A few weeks ago President Obama signed into law a new healthcare reform bill which will expand health insurance coverage for 32 million people who are currently uninsured.  This law will be phased in over the next decade but it offers a lot to help family caregivers both in the short term and the long term.


The benefits of the law fall into two categories – provisions which help the care recipient through Medicare and other public programs and those that help the caregiver through expanded health insurance coverage and better consumer protections.  The biggest advantages to care recipients come through better coverage under the Medicare prescription drug program and through expanded health insurance options for pre-Medicare retirees.

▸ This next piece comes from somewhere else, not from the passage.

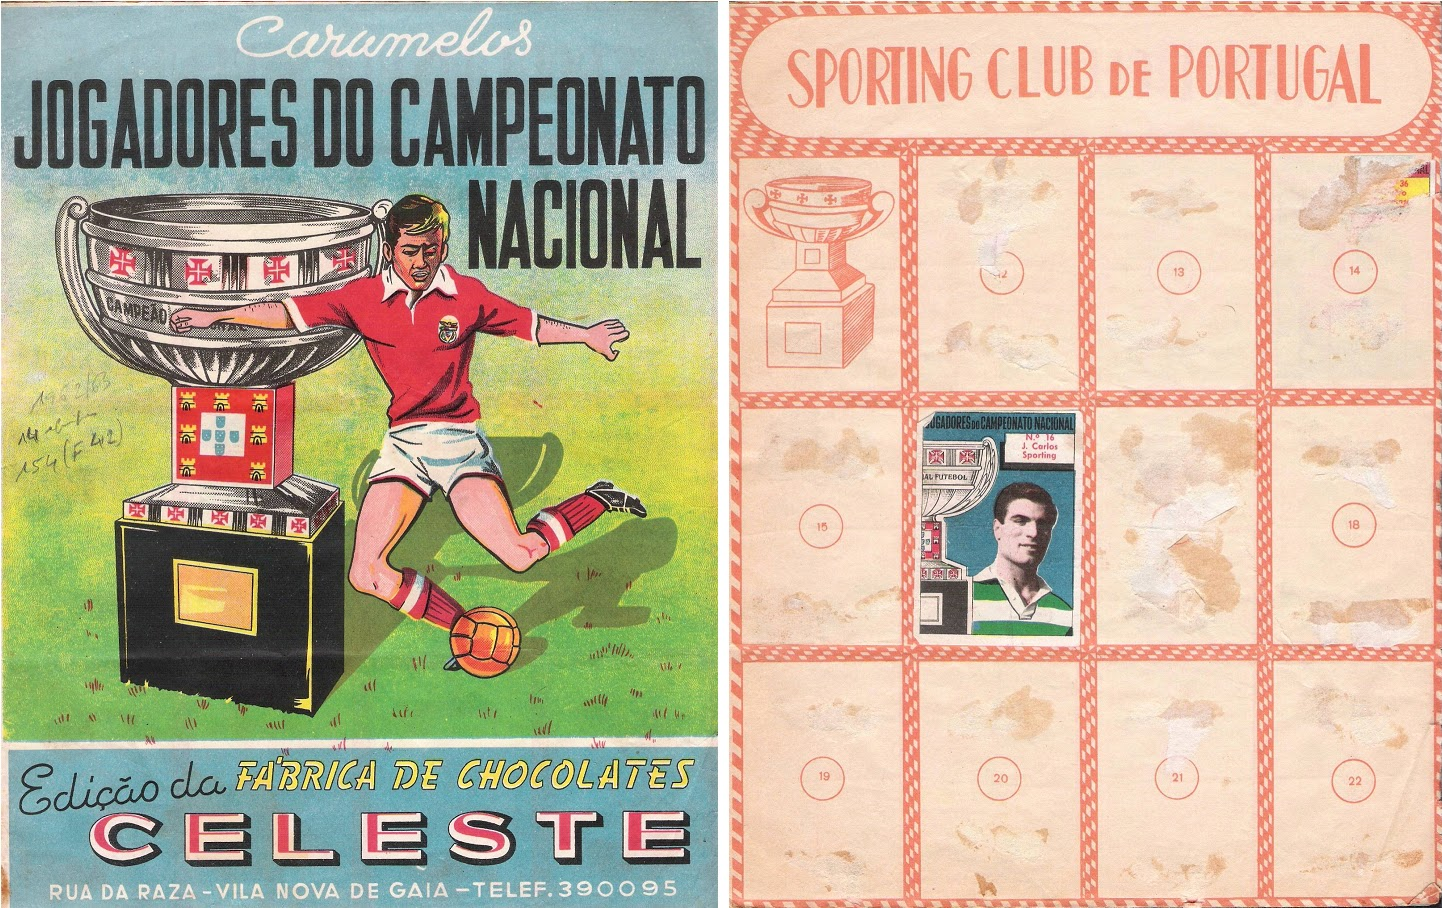 Campeonato de futebol portugues

Family caregivers will see their biggest benefits come from the fact that health insurance will begin to be de-coupled from employment starting in 2014.  Many family caregivers face the difficult choice of whether to stay employed and hire professional caregivers to look after their loved ones or to leave their jobs and care for them full time.  This decision is made more difficult by the fact that people who leave their jobs risk losing the health insurance benefits that go with them.  By providing new health coverage options and subsidies to help pay for them, family caregivers will have one less thing to worry about when making these difficult choices.


Below is an outline of the key provisions of the healthcare reform law and how they are likely to impact family caregivers.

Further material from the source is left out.